4

Институтский двор обильно засажен рябиной, вишнями и яблонями. В мае здесь белым-бело, как на собрании невест. Теперь же среди густой листвы там и сям мелькают мелкие зелененькие завязи — в одиночку или семейками. Однако до зрелости они не доживут. Будут съедены молодыми лаборантами, аспирантами и мэнээсами, не боящимися оскомины. И лишь сладкие гроздья невежинской рябины допламенеют до осени, пока не угодят в компоты и варенья.

Марат Магжанович быстро шагал по аллее, обсаженной подрезанными кустами шиповника. Толпа у главного корпуса была видна издалека. Люди сбежались на зрелище… Так, окна на третьем этаже разбиты, из них вьется сизый дымок. Значит, уже потушили, городскую дружину не вызывали. Хоть это хорошо. Размышляя так, Усманов увидел жену, которая бежала навстречу. Бежала некрасиво, неумело, размахивая прямыми руками и загребая ногами. Белый халат расстегнулся, волосы растрепались. Марат Магжанович сбавил шаг, чтобы не столкнуться.

— Где ты был?! Где ты был?!

— Где я мог быть? Показывал начальству камни. Ты почему носишься как девочка? Пожара не видела?

— Ка… Ка… — У Ирины Петровны перехватило горло. — Камилл же!

Однажды перед директорской машиной внезапно возник пьяный. Спасая его, Стас резко вывернул баранку, пронесся на тормозах через тротуар и врезался в дерево. Из всех обстоятельств аварии Марат Магжанович запомнил сильный удар, металлический привкус во рту и резкий запах йода, который невесть как возник и растекся по салону.

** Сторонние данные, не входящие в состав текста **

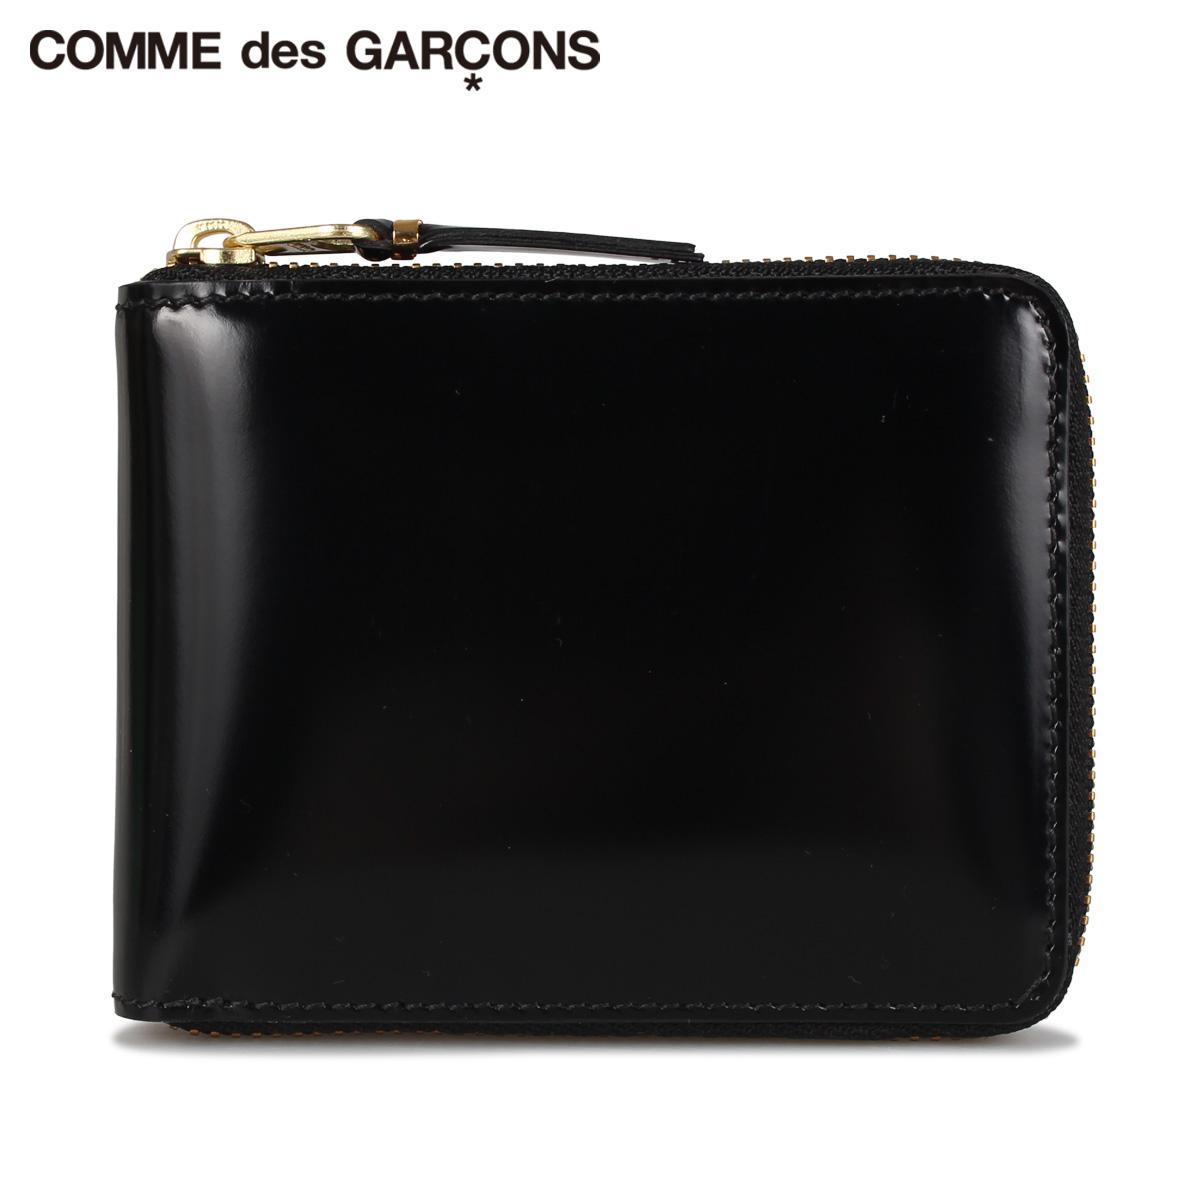 コムデギャルソン COMME des GARCONS 財布 二つ折り メンズ レディース ラウンドファスナー MIRROR INSIDE WALLET ブラック 黒 SA7100MI [9/3 新入荷]

Теперь было то же самое. И еще — болью перехватило горло.

— Что Камилл? — Он сильно потряс жену за плечи. — Что?

— Он был в этой проклятой комнате…

— Ну?!

— Там взрыв… огонь…

— Где Камилл?

— Не знаю. Повез эту шлюху…

— Ты что — сошла с ума? Кого повез? Куда?

— Она прыгала из окна. Увез в больницу.

— Ф-фу-у-у! — Усманов чувствовал, как по спине бегут холодные струйки. — Так он живой… Что же ты панику разводишь?

— Он же был в огне!

— Вот что, мать. Постой здесь, остынь, поправь волосы, застегни халат. Потом спокойно — спокойно! — иди на рабочее место. И чтоб никакой истерики!

Марат Магжанович оставил жену, скорым шагом прошел сквозь раздавшуюся толпу и поднялся к себе. Бросил секретарше:

— Лизавета, быстро ко мне Андреева, Куликова, Файта и этого, как его, начальника ДПД.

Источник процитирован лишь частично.